Seperti yang disebutkan oleh Darrel Miller, spesifikasi lengkapnya dapat ditemukan di RFC7230 .


jawaban yang bagus. Anda menulis "Ini dimungkinkan karena di server web Anda, Anda dapat (dan jika saya tidak salah, Anda harus) mengatur satu vhost untuk menjadi host default. Vhost default ini digunakan setiap kali header host tidak cocok dengan virtual yang dikonfigurasi. host. " Saya ingin memeriksa di RFC7230 tetapi tidak vhosthanya menemukan 3 kejadian dekat yang virtual hostartinya tidak dekat dengan frasa Anda dan 12 untuk defaultsebagian besar tentang port,
Alexei Martianov

about host only that: "Jika tidak, maka jika kolom header Host disediakan dengan nilai kolom yang tidak kosong, komponen otoritasnya sama dengan nilai kolom Host." - tidak IMHO sama. Bisakah Anda mengarahkan saya untuk menunjuk RFC tentang itu?
Alexei Martianov

sisi praktis: ke beberapa server saya mengirim POST dengan header host = nama domain dan mendapatkan 200 (ok), saya mengirim header host yang diubah dan mendapatkan 404 (tidak ditemukan). Apakah itu berarti server tidak by the bookdikonfigurasi dengan benar (sepenuhnya )?
Alexei Martianov

karena komentar tidak dapat diedit: kutipan di 2 hampir defaultkata ditemukan oleh pencarian,Otherwise, the authority component is assigned the default name configured for the server
Alexei Martianov

aneh. semua 3 kemunculan virtual hostditemukan oleh pencarian saya di tools.ietf.org/html/rfc7230 ada di Appendix A. HTTP Version History. Sepertinya pencarian Anda menemukan yang lain.
Alexei Martianov

30

Saya akan selalu merekomendasikan pergi ke sumber otoritatif ketika mencoba memahami arti dan tujuan header HTTP.

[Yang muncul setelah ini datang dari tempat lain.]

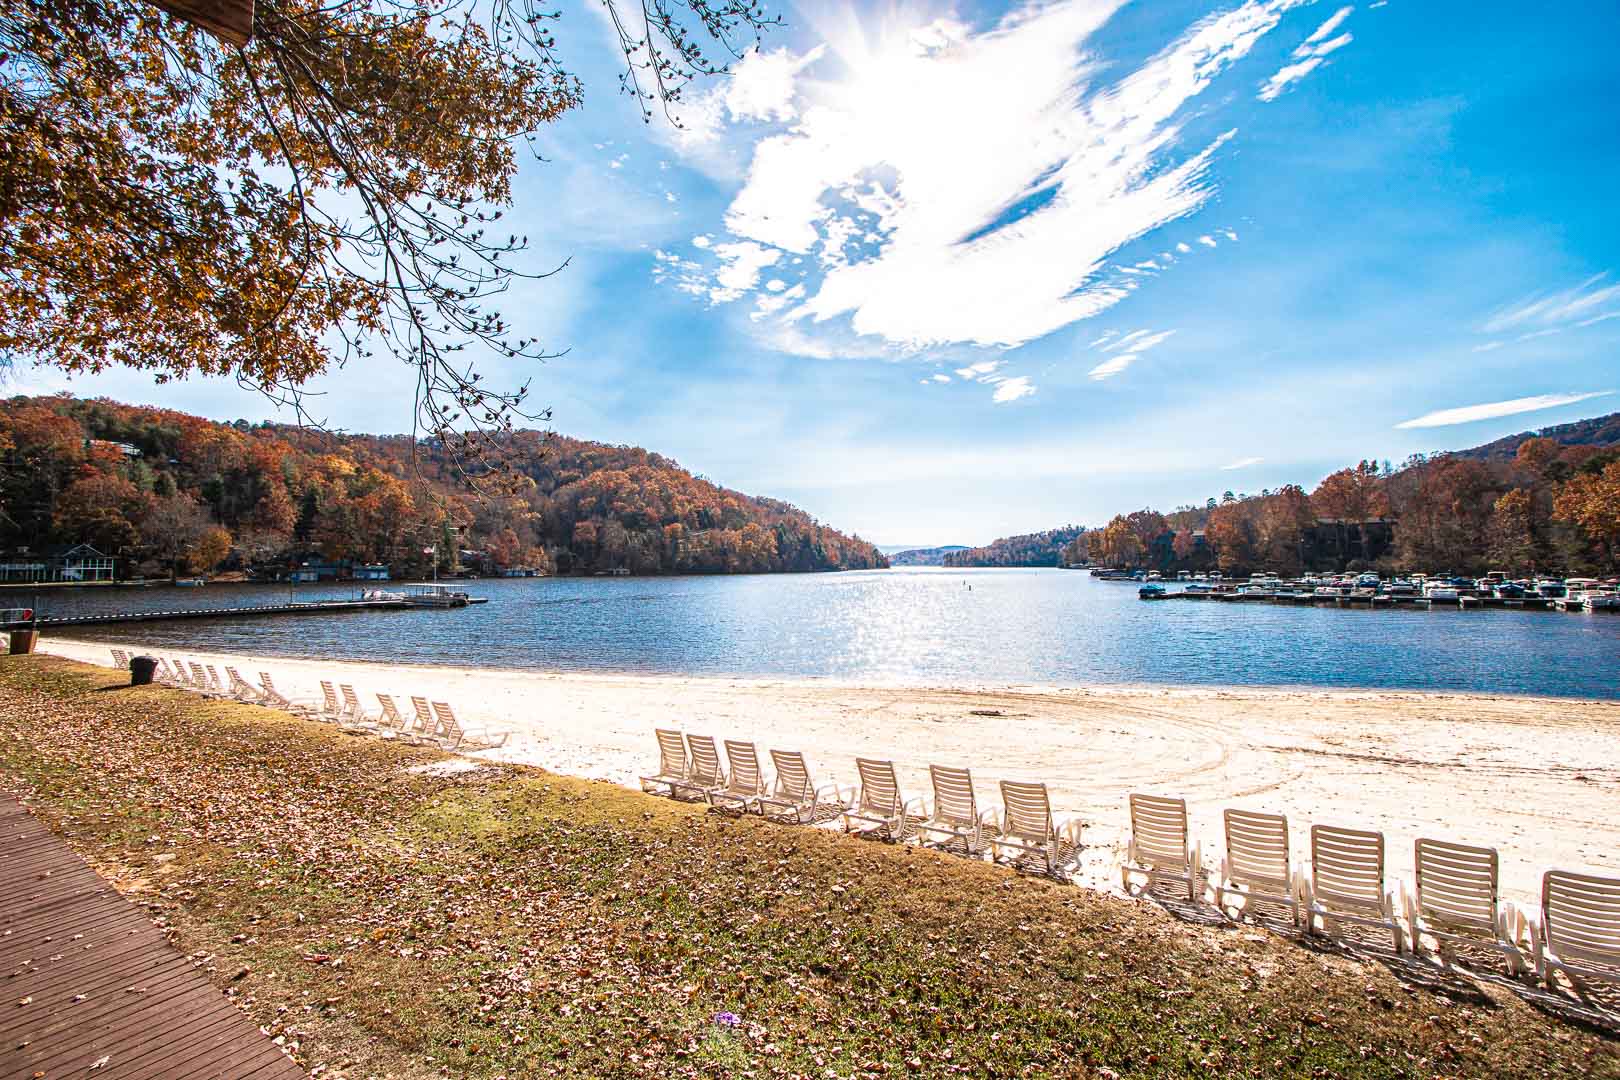 A relaxing lake view at VRI's Fox Run Resort in North Carolina.

Kolom header "Host" dalam permintaan memberikan informasi host dan port
dari URI target, yang memungkinkan server asal untuk
membedakan sumber daya saat melayani permintaan untuk beberapa
nama host pada satu alamat IP.

https://tools.ietf.org/html/rfc7230#section-5.4

Dengan menggunakan situs kami, Anda mengakui telah membaca dan memahami Kebijakan Cookie dan Kebijakan Privasi kami.
Licensed under cc by-sa 3.0 with attribution required.